Gheorghe Liliac

Personal information
- Date of birth: 22 April 1959 (age 67)
- Place of birth: Dorohoi, Romania
- Height: 1.92 m (6 ft 4 in)
- Position: Goalkeeper

Youth career
- Cristalul Dorohoi

Senior career*
- Years: Team / Apps / (Gls)
- 1974–1981: Cristalul Dorohoi
- 1981–1983: CS Botoșani
- 1983–1986: Steaua București / 0 / (0)
- 1983–1986: → Bihor Oradea (loan) / 44 / (0)
- 1986–1987: Petrolul Ploiești / 34 / (0)
- 1987–1989: Steaua București / 27 / (0)
- 1989–1991: Petrolul Ploiești / 59 / (0)
- 1991–1993: Hapoel Tzafririm Holon / 59 / (0)
- 1995–1997: Metalul Filipești
- Total:  / 223 / (0)

International career
- 1986: Romania U21 / 2 / (0)
- 1986–1987: Romania Olympic / 5 / (0)
- 1987–1990: Romania / 4 / (0)

Managerial career
- 2016–2017: Petrolul Ploiești (GK coach)
- 2017–2019: Petrolul Ploiești U19
- 2019–2024: Petrolul Ploiești (head of youth development)

= Gheorghe Liliac =

Romanian footballer

Gheorghe Liliac (born 22 April 1959) is a former Romanian professional footballer who played as a goalkeeper.

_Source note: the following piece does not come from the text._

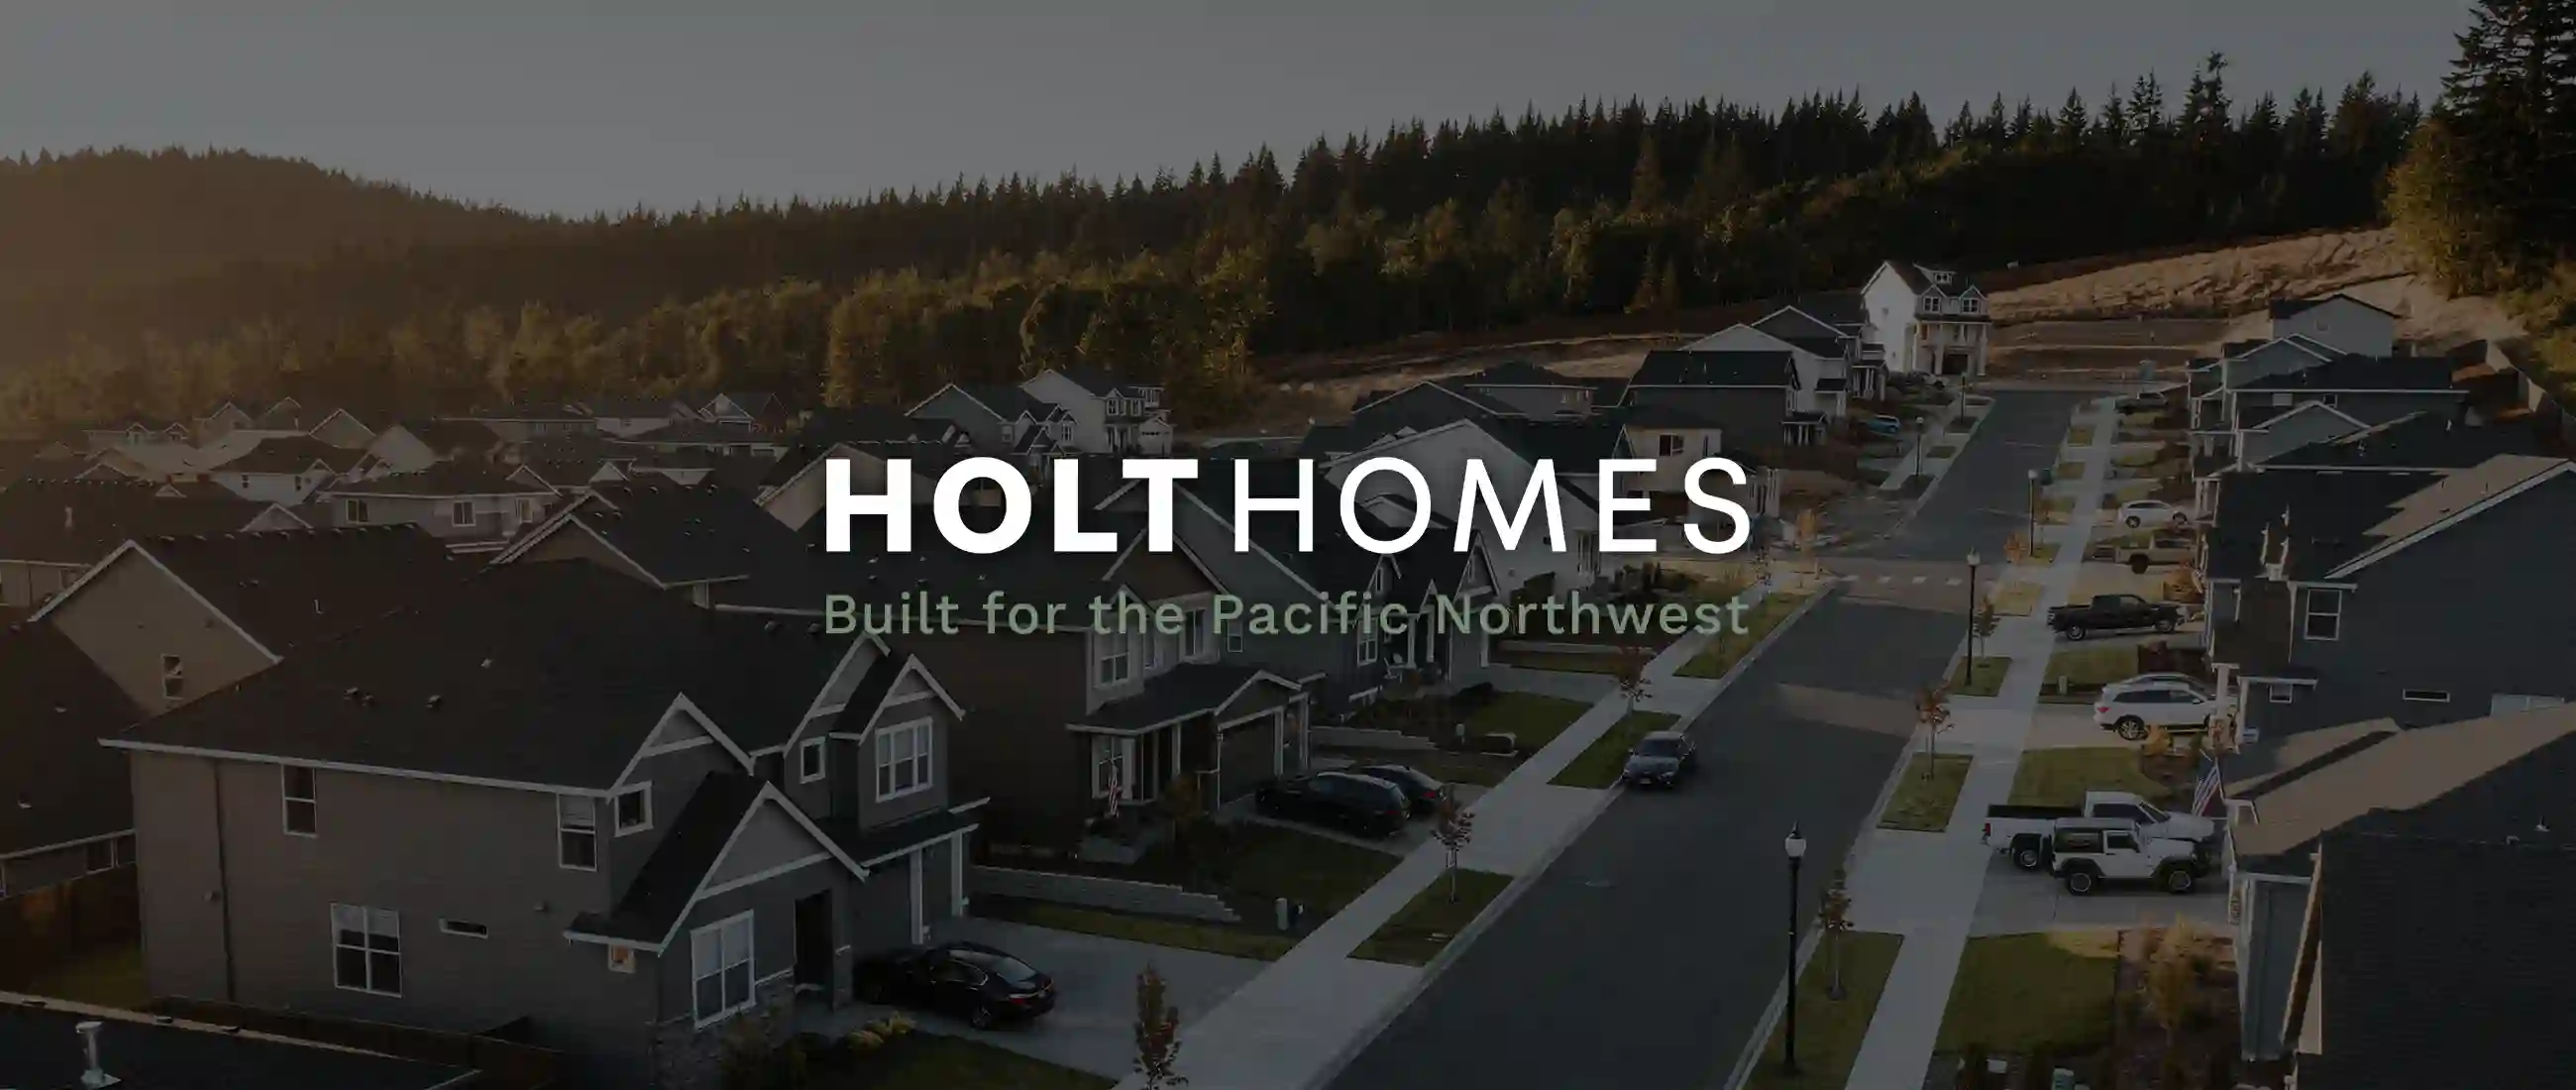 Home-builder-community-with-Holt-Homes-logo-over-the-top-10

He was a member of the Romania national team that took part in the 1990 FIFA World Cup.

==Club career==
Liliac was born on 22 April 1959 in Dorohoi, Romania and began playing junior-level football at local club Cristalul. He started to play at senior level for Cristalul during the 1974–75 Divizia C season. In 1981, he went to play for Divizia B club CS Botoșani. Liliac was noticed by coach Emerich Jenei, who brought him to Steaua București in 1983, where he had to compete for a place in the team with goalkeepers such as Vasile Iordache and Helmut Duckadam. His stint at Steaua was short, as he was loaned to Bihor Oradea, where he made his Divizia A debut on 28 August 1983 under coach Gheorghe Dărăban, keeping a clean sheet in a 0–0 draw against FC Baia Mare. After Bihor suffered relegation at the end of the 1985–86 season, Liliac joined Petrolul Ploiești, where he was wanted by coach Mircea Dridea. After only one season in which he played in all 34 league matches, Liliac left Petrolul to rejoin Steaua. There, he played 22 league matches under coach Anghel Iordănescu in his first season, being first choice goalkeeper in front of Dumitru Stângaciu, as the team won the title. During the same season, he played seven matches in the 1987–88 European Cup campaign, helping Steaua reach the semi-finals where they were defeated 2–0 on aggregate by Benfica. In the following season, Iordănescu chose Silviu Lung to be the first-choice goalkeeper, giving Liliac only five league matches as the team won The Double. Steaua also reached the 1989 European Cup final, where they lost 4–0 to Milan, without Liliac playing in any matches in the campaign. In 1989, he went back to Petrolul. There, he played in both legs of the 4–0 aggregate loss to Anderlecht in the first round of the 1990–91 UEFA Cup. He made his last Divizia A appearance on 23 June 1991 in Petrolul's 2–1 away loss to Steaua, totaling 164 matches in the competition. Subsequently, Liliac went for a two-season spell at Israeli first-tier side Hapoel Tzafririm Holon. Liliac ended his career after playing in the Romanian lower leagues for Metalul Filipești, managing to help the team gain promotion to Divizia C at the end of the 1995–96 season, retiring in 1997.

==International career==
From 1986 to 1987, Liliac played several matches for Romania's under-21 and Olympic national teams.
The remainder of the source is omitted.